The blue line does indicate we might be slightly underestimating low and high win totals, while overestimating middle win totals. However, the residuals are within one win.
plots <- gg_resX(model_3, plot.all = FALSE)
# for each variable of interest ...
plots$points_for + geom_smooth(se = F)
## `geom_smooth()` using method = 'loess' and formula = 'y ~ x'
plots$points_against + geom_smooth(se = F)
## `geom_smooth()` using method = 'loess' and formula = 'y ~ x'
plots$playoffs + geom_smooth(se = F)
## `geom_smooth()` using method = 'loess' and formula = 'y ~ x'
What we want is for a constant variance of residuals across values of \(X\) variables.
While there is some slight deviation from the red dotted line, the blue line stays fairly consistent across \(X\) values. This is appears to be the case for ‘points_for’ and ‘points_against’.

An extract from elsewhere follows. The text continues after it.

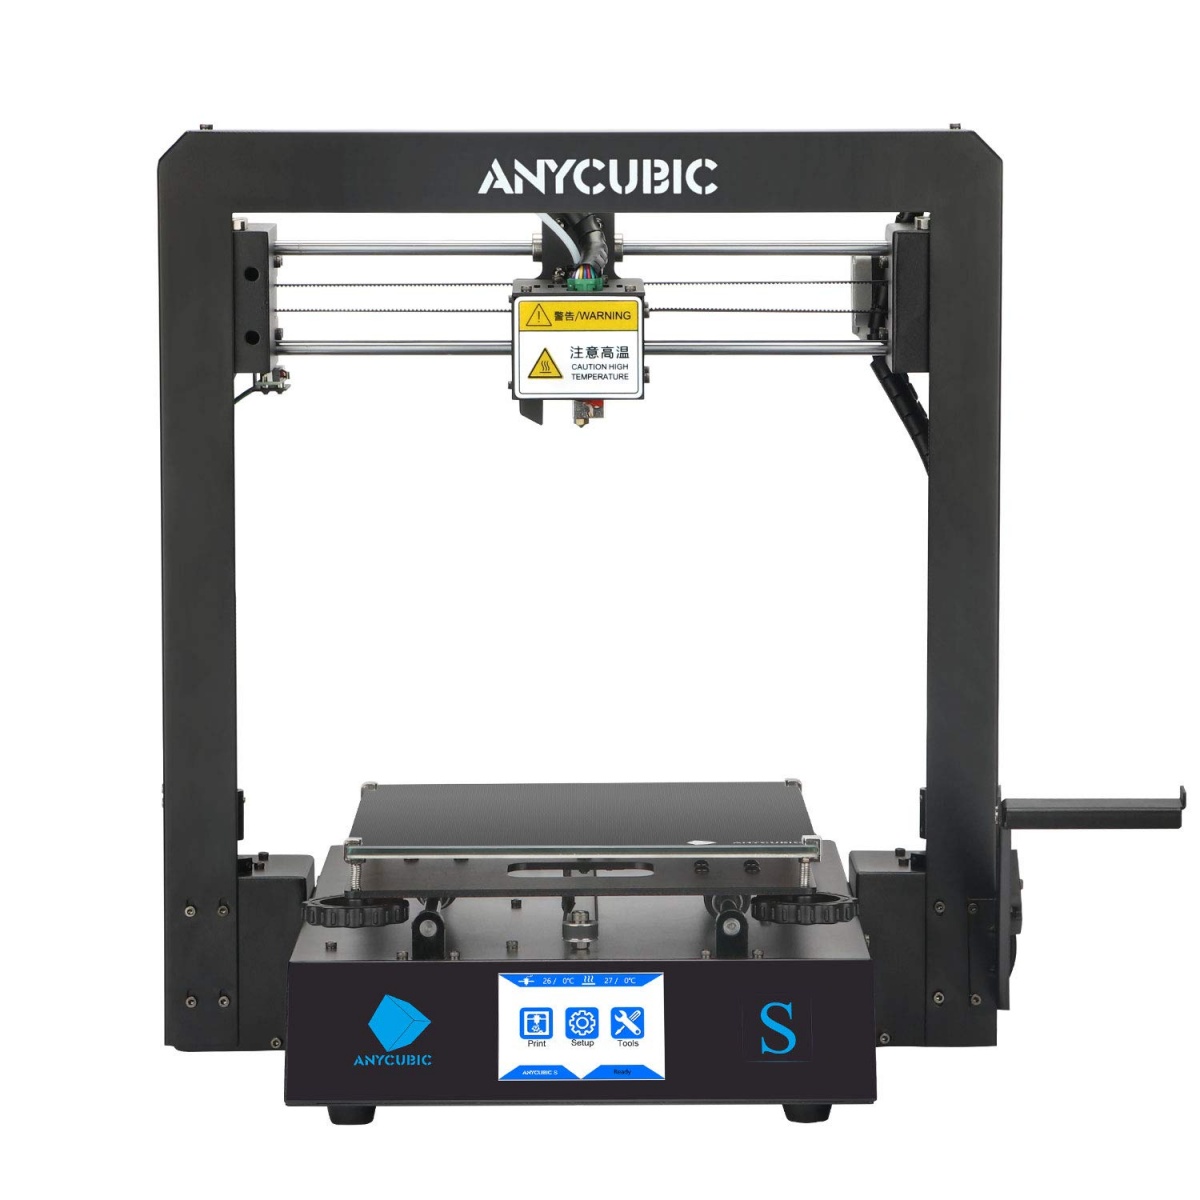 Anycubic Mega S Review

The residuals for ‘playoffs’ are two box plots for ‘No Playoffs’ and ‘Playoffs’ values. The residuals appears to be the same for both \(X\) values.
gg_reshist(model_3)
## `stat_bin()` using `bins = 30`. Pick better value with `binwidth`.

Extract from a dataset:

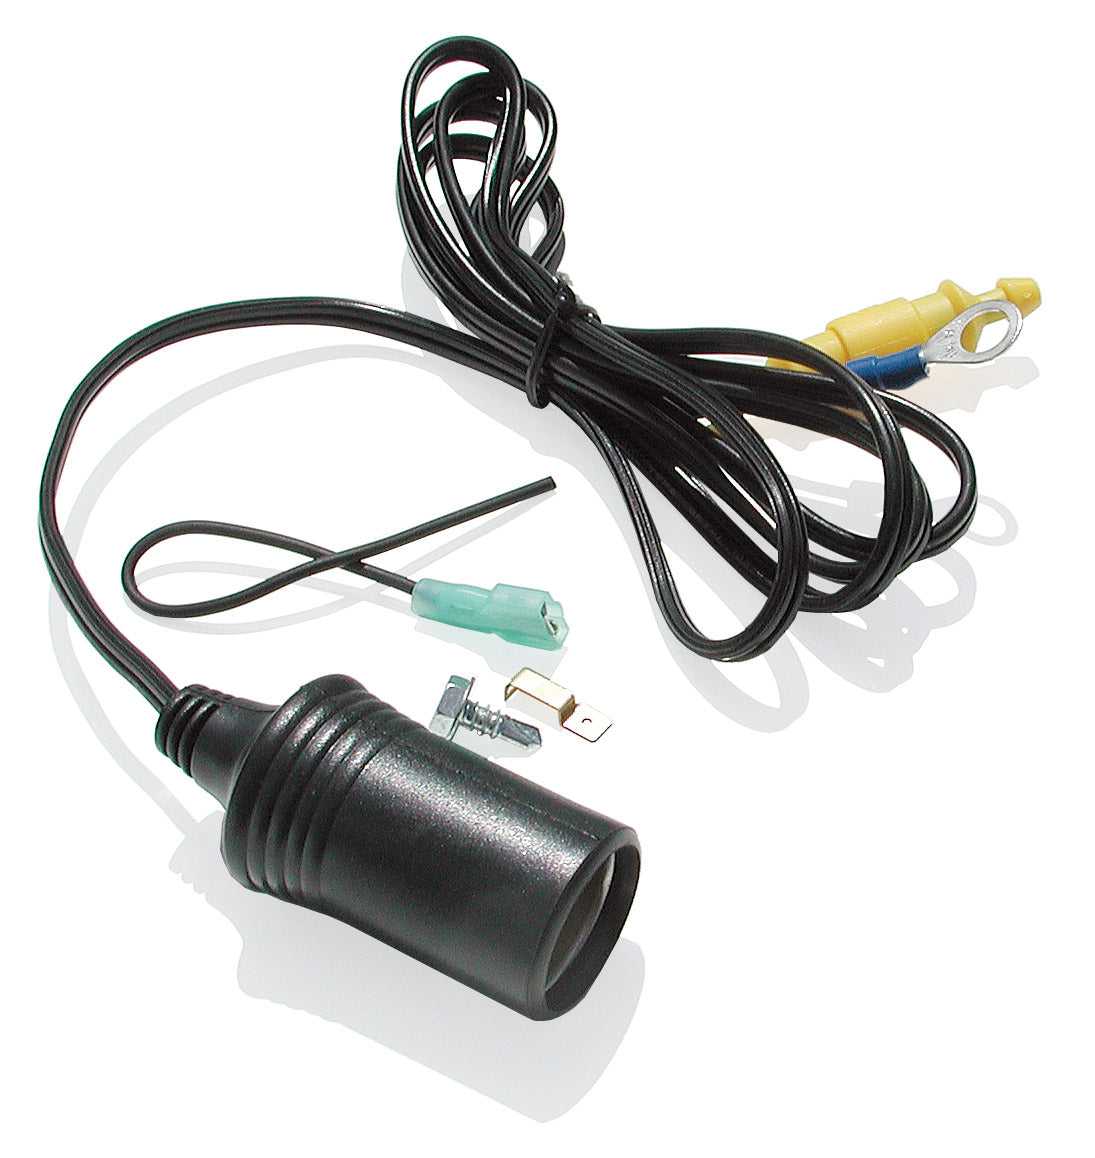 9332 Roadmaster Power Cord Adapter For Providing Power To Roadmaster

When looking at a Histogram of Residuals plot we are looking for a roughly normally distributed plot. This histogram does appear roughly normalized.
There are a few questionable spots on the plot, for example there is a sizable dip in the count near the center of the histogram. There also appears to be a very slight tail to the histogram. These are not severe, but it indicates that some aspect of the phenomenon is missing from the model (i.e., we may need more/different explanatory variables).
# the normal QQ plot
gg_qqplot(model_3)
When looking at a QQ-Plot we are hoping to have the points fall on the orange line, indicating that our residuals are ‘normal’. Our residuals do appear to fall on this line, and are therefore ‘normal’.
gg_cooksd(model_3, threshold = 'convention')
Looking at Cook’s D, it is clear that there are many high influencing, and potentially troubling values in the data. Having this many data points with a high Cook’s D values will make it more difficult to create an accurate model. For future models, it is important that these data points are investigated by plotting various variables against the response variable.
The following plots show where these high Cook’s D Values are in the data.
standings$label <- paste(standings$team_name, standings$year, sep = ", ")
library(dplyr)
##
## Attaching package: 'dplyr'
## The following objects are masked from 'package:stats':
##
## filter, lag
## The following objects are masked from 'package:base':
##
## intersect, setdiff, setequal, union
sliced_data <- slice(standings,c(16,47,62,95,126,131,136,154,206,226,
267,268,272,277,278,288,292,340,366,
371,383,392,436,518,524,550,551,610,
624,636))
library(ggrepel)
ggplot(data = sliced_data) +
geom_point(data = standings,
mapping = aes(x = points_for, y = wins)) +
geom_point(mapping = aes(x = points_for, y = wins),
color = 'blue') +
geom_text_repel(mapping = aes(x = points_for,
y = wins,
label = label),
color = 'blue',
size = 2) +
labs(title="Investigating High Influence 'points_for' Values ",
subtitle="Label = Team Name and Year")
ggplot(data = sliced_data) +
geom_point(data = standings,
mapping = aes(x = points_against, y = wins)) +
geom_point(mapping = aes(x = points_against, y = wins),
color = 'blue') +
geom_text_repel(mapping = aes(x = points_against,
y = wins,
label = label),
color = 'blue',
size = 2) +
labs(title="Investigating High Influence 'points_against' Values ",
subtitle="Label = Team Name and Year")
ggplot(data = sliced_data) +
geom_point(data = standings,
mapping = aes(x = playoffs, y = wins)) +
geom_point(mapping = aes(x = playoffs, y = wins),
color = 'blue') +
geom_text_repel(mapping = aes(x = playoffs,
y = wins,
label = label),
color = 'blue',
size = 2) +
labs(title="Investigating High Influence Values ",
subtitle="Label = Team Name and Year")
Again, for future models it is important that these data points are investigated and removed if they are found to be highly influential across variables.